Windows logs EventReceivedTime is late than EventTime - im_msvistalog
I am using nxlog to get my Windows logs from a Domain Controller into a SIEM. I am using the im_msvistalog module.
Problem
I am receiving logs with large amount of delay. The EventReceivedTime is much later than the EventTime. Please have a look at one of the sample logs output from nxlog.
<14>Jun 24 10:56:26 EXHost1.Example.net Microsoft-Windows-Security-Auditing[0x28c0]: {
"EventTime":"2025-06-24T10:56:26.039509+02:00",
"Hostname":"EXHost1.Example.net","Keywords":"9232379236109516800","EventType":"AUDIT_SUCCESS","SeverityValue":2,"Severity":"INFO","EventID":4674,"SourceName":"Microsoft-Windows-Security-Auditing","ProviderGuid":"{91548763-9812-1113-B4AC-12BAC98DDE11}","Version":0,"TaskValue":13056,"OpcodeValue":0,"RecordNumber":355721231415,"ExecutionProcessID":4,"ExecutionThreadID":13033,"Channel":"Security","Message":"An operation was attempted on a privileged object.","Category":"Sensitive Privilege Use","Opcode":"Info","SubjectUserSid":"S-1-5-21-3604662650-2432062322-1707920734-40372","SubjectUserName":"Test_Subject","SubjectDomainName":"EXAMPLE","SubjectLogonId":"0x12ab121bc","ObjectServer":"Security","ObjectType":"-","ObjectName":"-","HandleId":"0x1168","AccessMask":"1048577","PrivilegeList":"SeBackupPrivilege","ProcessId":"0x28c0","ProcessName":"C:\\EXAMPLE\\HELLO\\HELLOBIN\\yxnw3018\\dispatch\\knex3alo.exe",
"EventReceivedTime":"2025-06-24T13:04:13.896816+02:00",
"SourceModuleName":"i_win","SourceModuleType":"im_msvistalog"}The delays are not consistent. The delays can be ranging from about 10 minutes to sometimes 2 or 3 hours. I have tried to find a pattern but failed to do so.

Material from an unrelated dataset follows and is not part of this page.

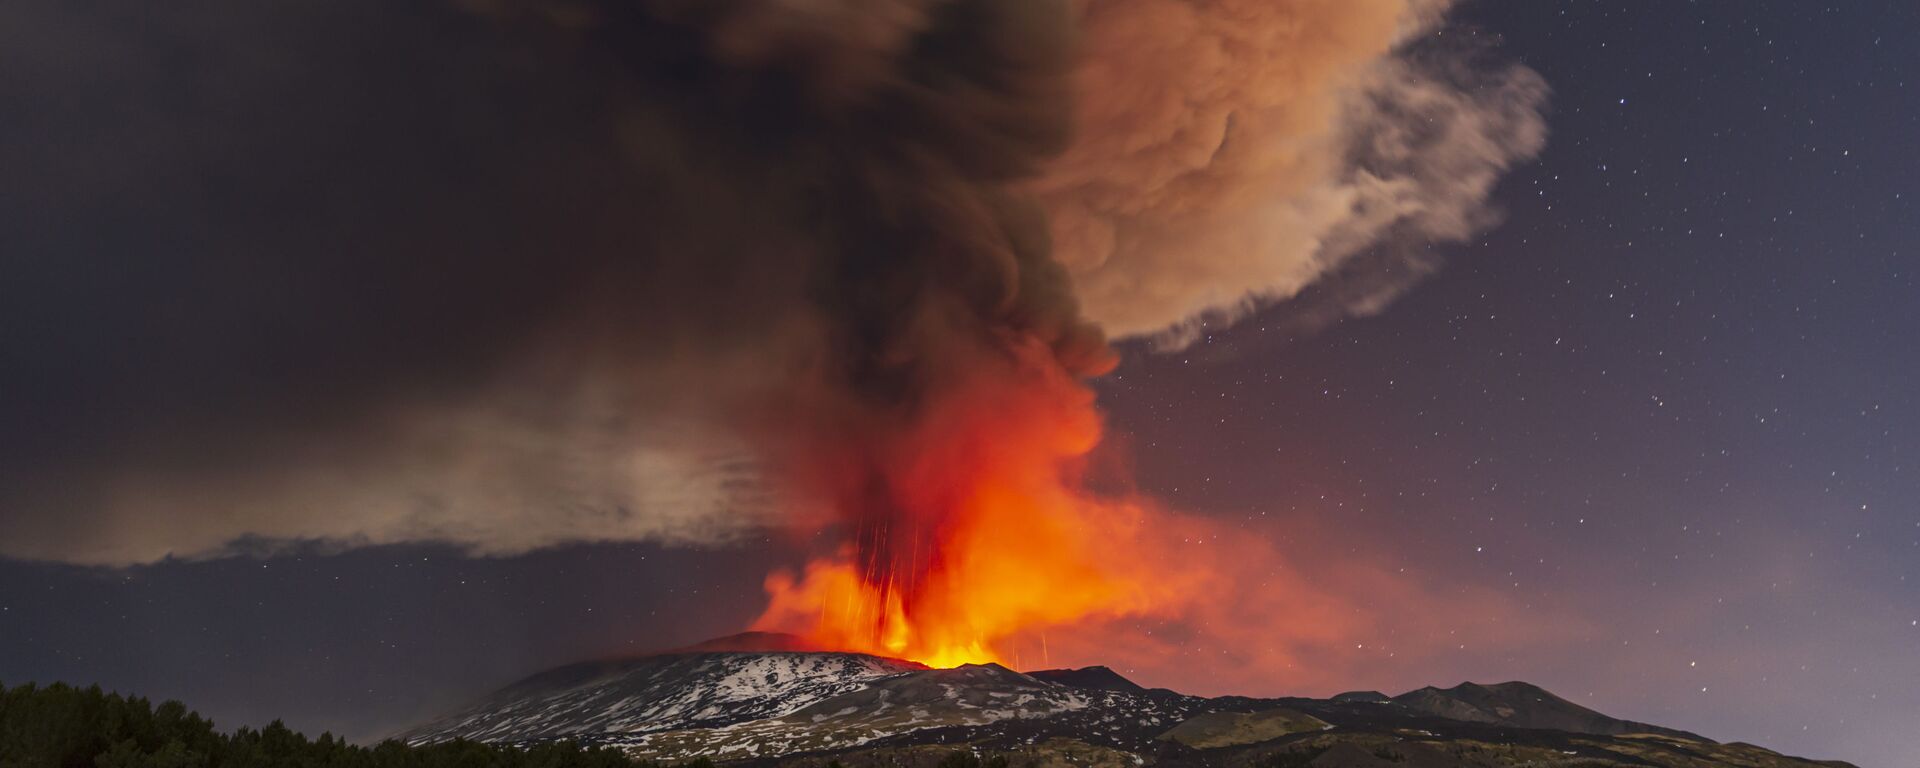 Вид на извержение вулкана Этна с сицилийской коммуны Николози, Италия - Sputnik Казахстан, 1920, 25.07.2022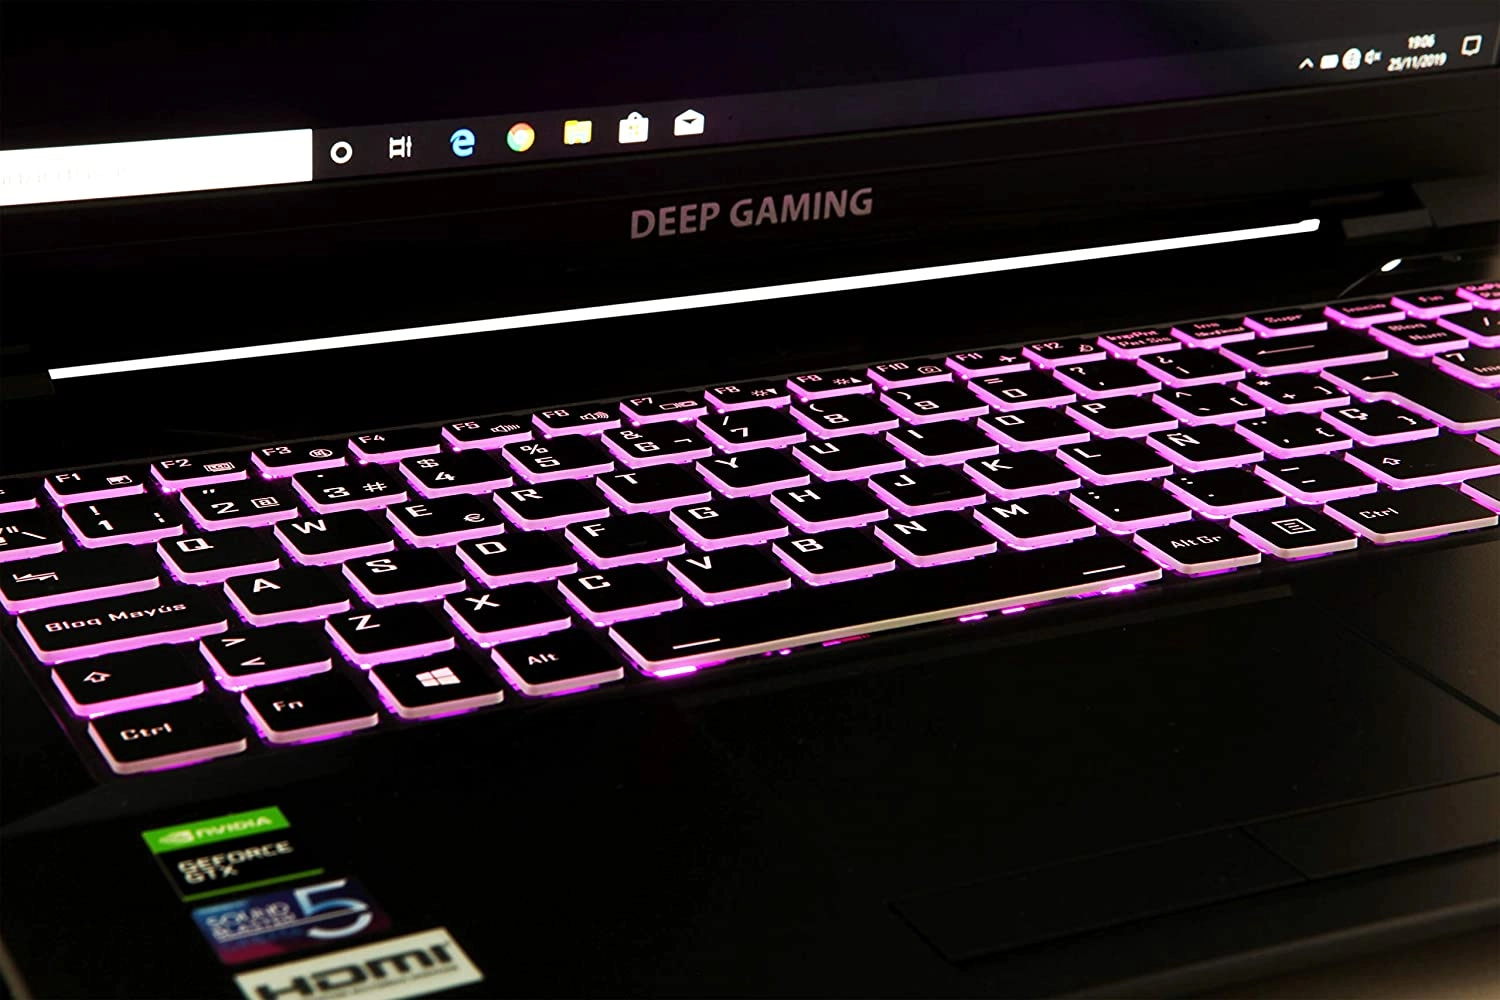 DeepGaming Silex laptop image

The resources in the Windows device is sufficient and there has been no outstanding logs in nxlog/nxlog.log file.
Config
Here is the snippet of my config that I am using. Any help would be highly appreciated.
...
<Extension _syslog>
Module xm_syslog
</Extension>
<Extension _json>
Module xm_json
</Extension>
<Input in>
Module im_msvistalog
</Input>
<Output out>
Module om_tcp
Host 10.xx.xx.xx
Port 514
Exec to_json();$Message=$raw_event;to_syslog_bsd();
</Output>
<Route 1>
Path in=>out
</Route>
Hello.
We are aware of this behavior on some hosts for other customers. Unfortunately, it takes place somewhere inside Windows. For the case I personally investigated, the delay for AppCrash reports occurred somewhere between WER (Event Crash Reporter, former DrWatson, if somebody remembers) and Windows Event Log itself. We grabbed this data from WER reports, so it happens before the NXLog software touches it.
It's LDAP time format - you can check yourself: https://www.epochconverter.com/ldap
The longest delay I've seen is around 3 weeks. I do not know why is it delayed.
We tried to report this behavior to Microsoft, both directly and via that client. Unfortunately, we did not get a meaningful response.
At least, I can assure you that $EventTime contains a timestamp when the event happened, as it is extracted from the original structure.